In the reference implementation, the loops '[' and ']' are implemented as follows:

case '[':
	var nesting = 0;
	if (memory[pointer] == 0)
	{
		while (cr.HasCharacters())
		{
			cr.Forward();
			var tempChar = cr.GetChar();
			if (tempChar == ']' && nesting == 0) { break; }
			if (tempChar == '[') { nesting++; }
			if (tempChar == ']') { nesting--; }
		}
	}
	break;
case ']':
	nesting = 0;
	if (memory[pointer] != 0)
	{
		while (true)
		{
			cr.Back();
			var tempChar = cr.GetChar();
			if (tempChar == '[' && nesting == 0) { cr.GetChar(); break; }
			if (tempChar == ']') { nesting++; }
			if (tempChar == '[') { nesting--; }
		}
	}
	break;

To jump from one bracket to the other we cycle through each character in the source code until we find the corresponding bracket.

So every time we reach the closing bracket ']', we cycle through all characters that came before until we reach the opening bracket. And all of this happens on every iteration.

This can be done more efficiently: If we can remember the location of the opening bracket, then we can instantly jump to that location instead of scanning through the code over and over again.

Stack

To solve this, we can use a Stack structure.

A stack, is a LIFO structure. "Last In, First Out". Much like a stack of books, you take off the last book you put on it first. You "push" some things on the stack. And you can take the last item that was pushed off the stack. This is called to "pop" it.

When the opening bracket '[' is encountered, its address is "pushed" to the stack.

When the closing bracket ']' is encountered the address is "popped" from the stack. And if needed, we jump straight to the location of the opening bracket.

This makes the jump instant.

Nested loops

The advantage of using a Stack here is that it makes it easy to handle nested loops, like this snippet of bf code:

[[>>>>>>>>>]+[<<<<<<<<<]>>>>>>>>>-]

Suppose the instruction starts at position 0 in the example above.

We encounter '[' and push "0" to the stack. The next character is the second '[' at position 1, so we push "1" to the stack.

Then we encounter the inner most closing bracket ']', and we know the address we "pop" will be "1", the corresponding opening bracket.

If we then reach the end of the outer loop, only position "0" will still be on the Stack, so we pop that one and can jump back to the beginning.

Results

With these changes, the mandelbrot set was generated in 1 minute, 6 seconds. Or 48% of our reference run time.

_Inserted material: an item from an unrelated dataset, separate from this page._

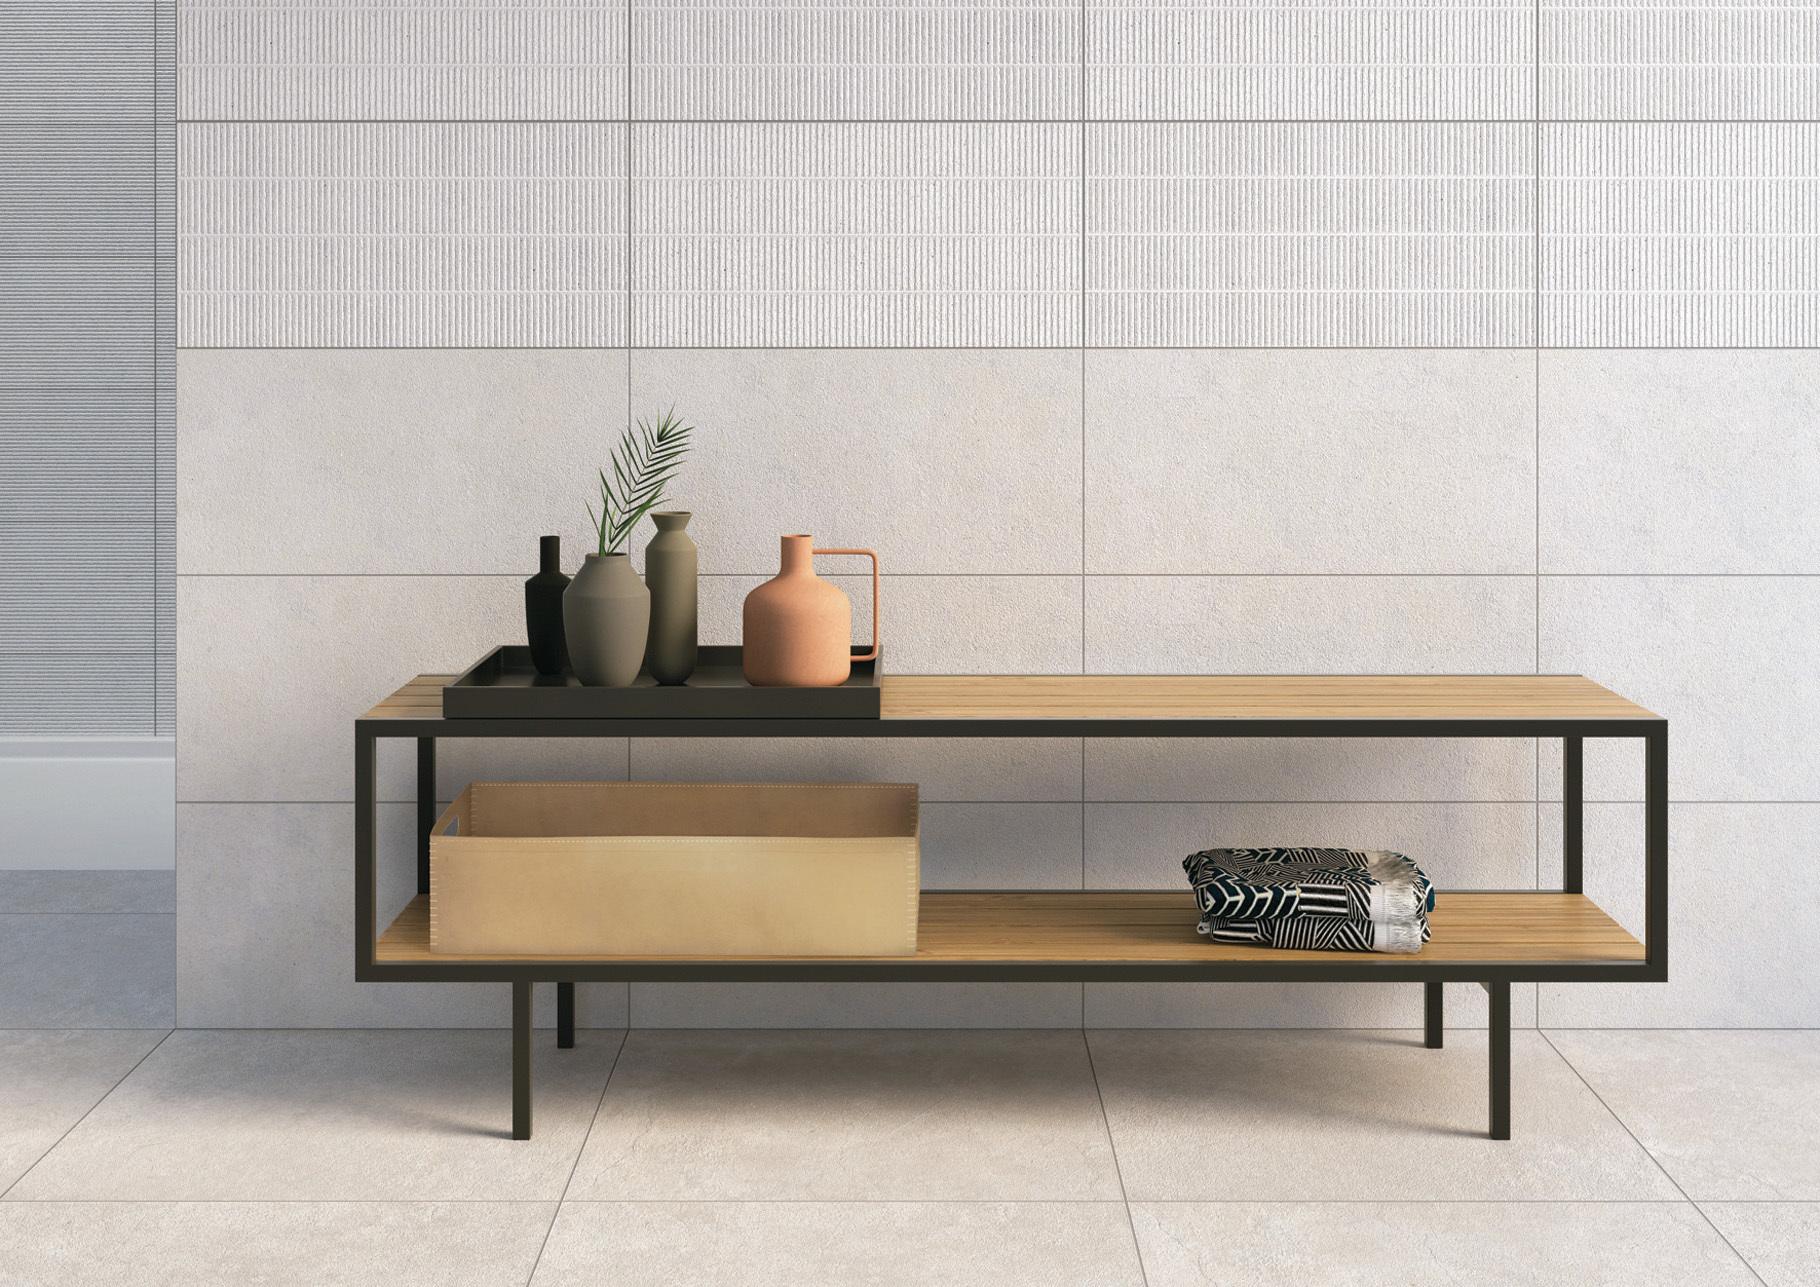 bad sideboard amazing sideboard anmutig sideboard massivholz ga nstig ideen schan neu sideboard. Black Bedroom Furniture Sets. Home Design Ideas
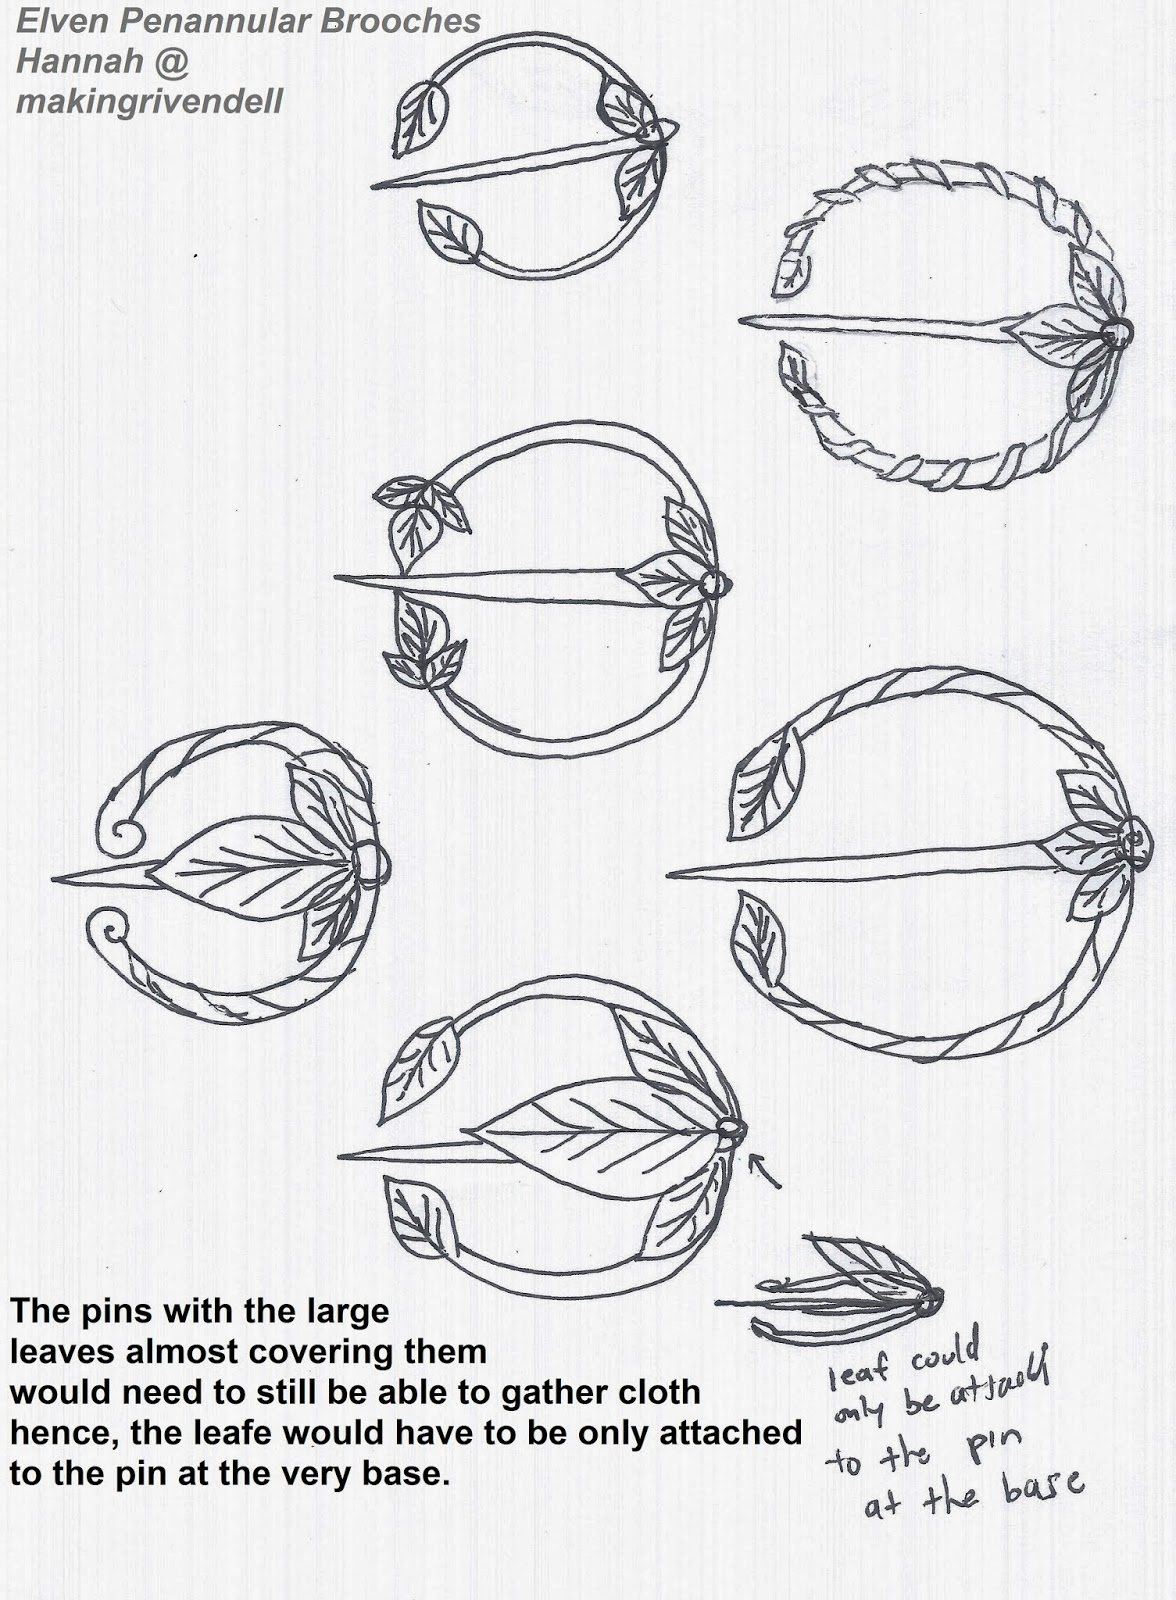 1176x1600 making rivendell in the desert elven penannular brooches designs

A significant win thanks to the Stack.

The new code can be found here: Optimization01.cs

In particular, the loop implementation now looks like this:

                    case '[':
                        var nesting = 0;
                        if (memory[pointer] == 0)
                        {
                            while (cr.HasCharacters())
                            {
                                cr.Forward();
                                var tempChar = cr.GetChar();
                                if (tempChar == ']' && nesting == 0) { break; }
                                if (tempChar == '[') { nesting++; }
                                if (tempChar == ']') { nesting--; }
                            }
                        } else
                        {
                            jumpTable.Push(cr.Position);
                        }
                        break;
                    case ']':
                        nesting = 0;
                        if (memory[pointer] != 0)
                        {
                            cr.Position = jumpTable.Peek();
                        } else
                        {
                            jumpTable.Pop();
                        }
                        break;

Note that when jumping back, the value on the stack is "peeked". This means we observe the value of the item on the stack, but we don't take it off the stack.

Because we need it again if we jump back to the beginning.

The value is only "popped" when it's no longer needed. But that's really an implementation detail.

Conclusion

Brainf*** is a super small language, making it easy to experiment with interpreters, without getting into the details of language parsing.

Using a stack structure helped us improve our execution speed by 52%.

In the next posts we'll explore the things that do - or do not - improve efficiency. Eventually we'll decrease the execution time by 94% compared to the reference implementation.